[Form 4] FS Bancorp, Inc. Insider Trading Activity
Victoria Jarman, an officer and director of FS Bancorp, Inc. (FSBW), reported equity awards on Form 4. On 08/15/2025 she was granted 2,000 restricted shares under the 2018 Equity Incentive Plan and 4,000 stock options with a $40.14 exercise price that expire 08/15/2035. The restricted shares and options vest in four equal annual installments beginning 08/15/2026. Following the transactions she beneficially owned 21,800 common shares directly and 6,089 indirectly via an ESOP; she disposed of 1,371 shares per the Form 4 entries. The Form 4 is signed 08/18/2025.
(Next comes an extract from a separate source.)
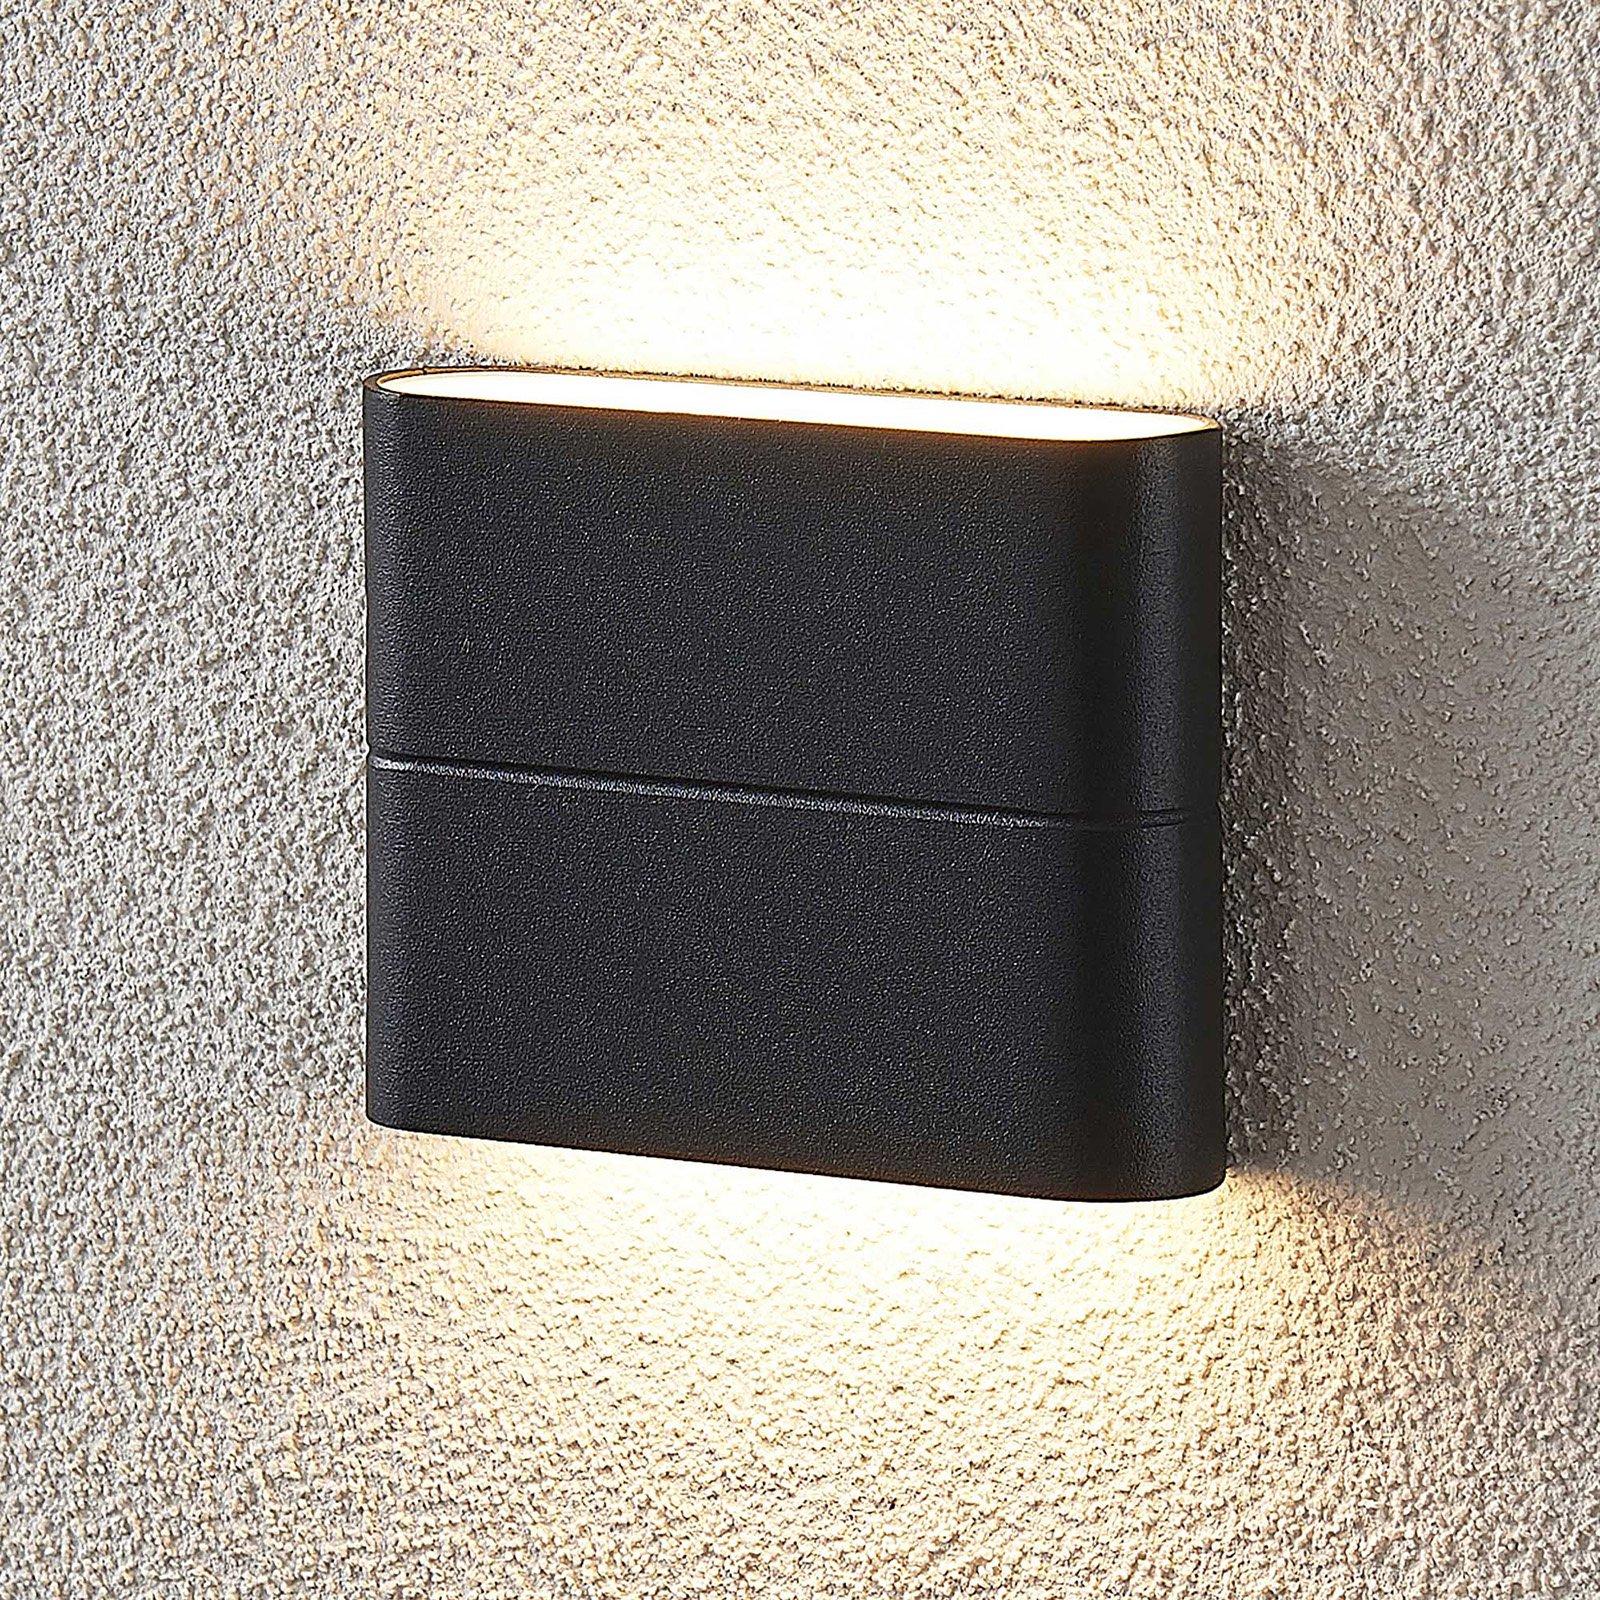 LED-utevegglampe Salka, mørk grå, 11,5 cm
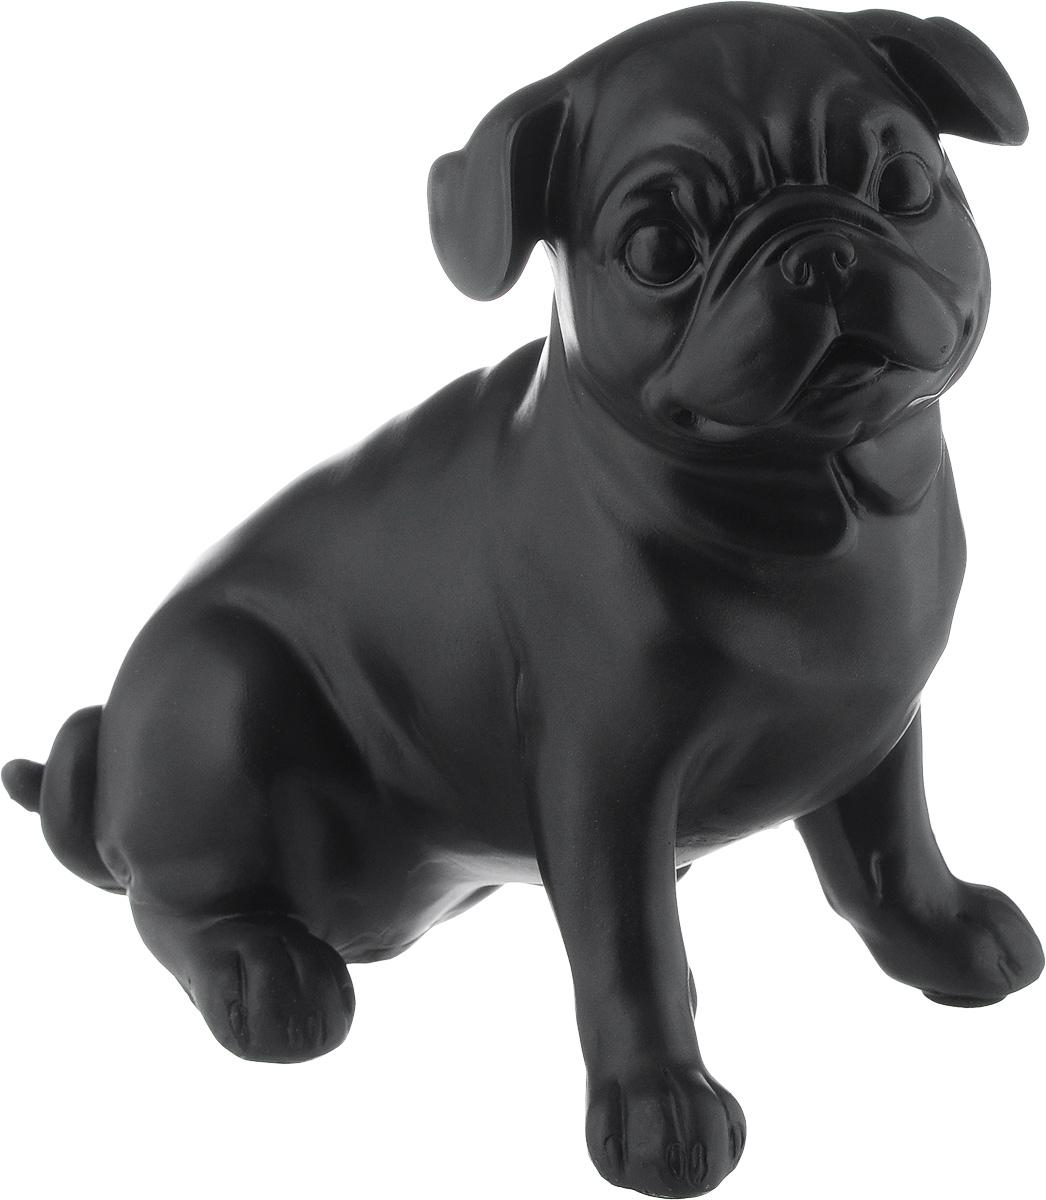 Фигурка декоративная Magic Home Мопс, 19,3 х 12 х 18,5 см44421Декоративная фигурка Magic Home Мопс изготовлена из полирезина. Изделие выполнено в виде собаки. Вы можете поставить фигурку в любом месте, где она будет удачно смотреться и радовать глаз. Сувенир отлично подойдет в качестве подарка близким или друзьям.

- Time‑vested structure: restricted shares and options vest 25% per year beginning 08/15/2026, aligning officer incentives with long‑term performance
- Clear disclosure: Form 4 reports grant dates, quantities, exercise price ($40.14), expiration (08/15/2035), and beneficial ownership totals
- Officer holdings disclosed: reports 21,800 direct shares and 6,089 indirect shares via ESOP, improving transparency
- None.
Insights
TL;DR: Senior officer received time‑vested equity and options, aligning compensation with long‑term performance without immediate cash proceeds.
The 2,000 restricted shares and 4,000 options awarded on 08/15/2025 vest over four years starting 08/15/2026, linking compensation to tenure and future stock performance. The options carry a $40.14 strike and expire in 2035, providing long-term upside if the stock appreciates above the strike. The filing also records a small disposal of 1,371 shares and shows current beneficial ownership levels: 21,800 direct and 6,089 indirect via ESOP. For investors, these are routine, retention‑oriented grants rather than extraordinary transactions.
TL;DR: Standard equity awards under the company's 2018 plan with multi‑year vesting, reflecting common executive compensation practice.
The awards are documented as granted pursuant to the FS Bancorp, Inc. 2018 Equity Incentive Plan with explicit vesting schedule of 25% per year beginning 08/15/2026. The Form 4 discloses direct and indirect holdings and the ESOP interest, meeting Section 16 reporting requirements. No additional governance actions or amendments are reported within this filing.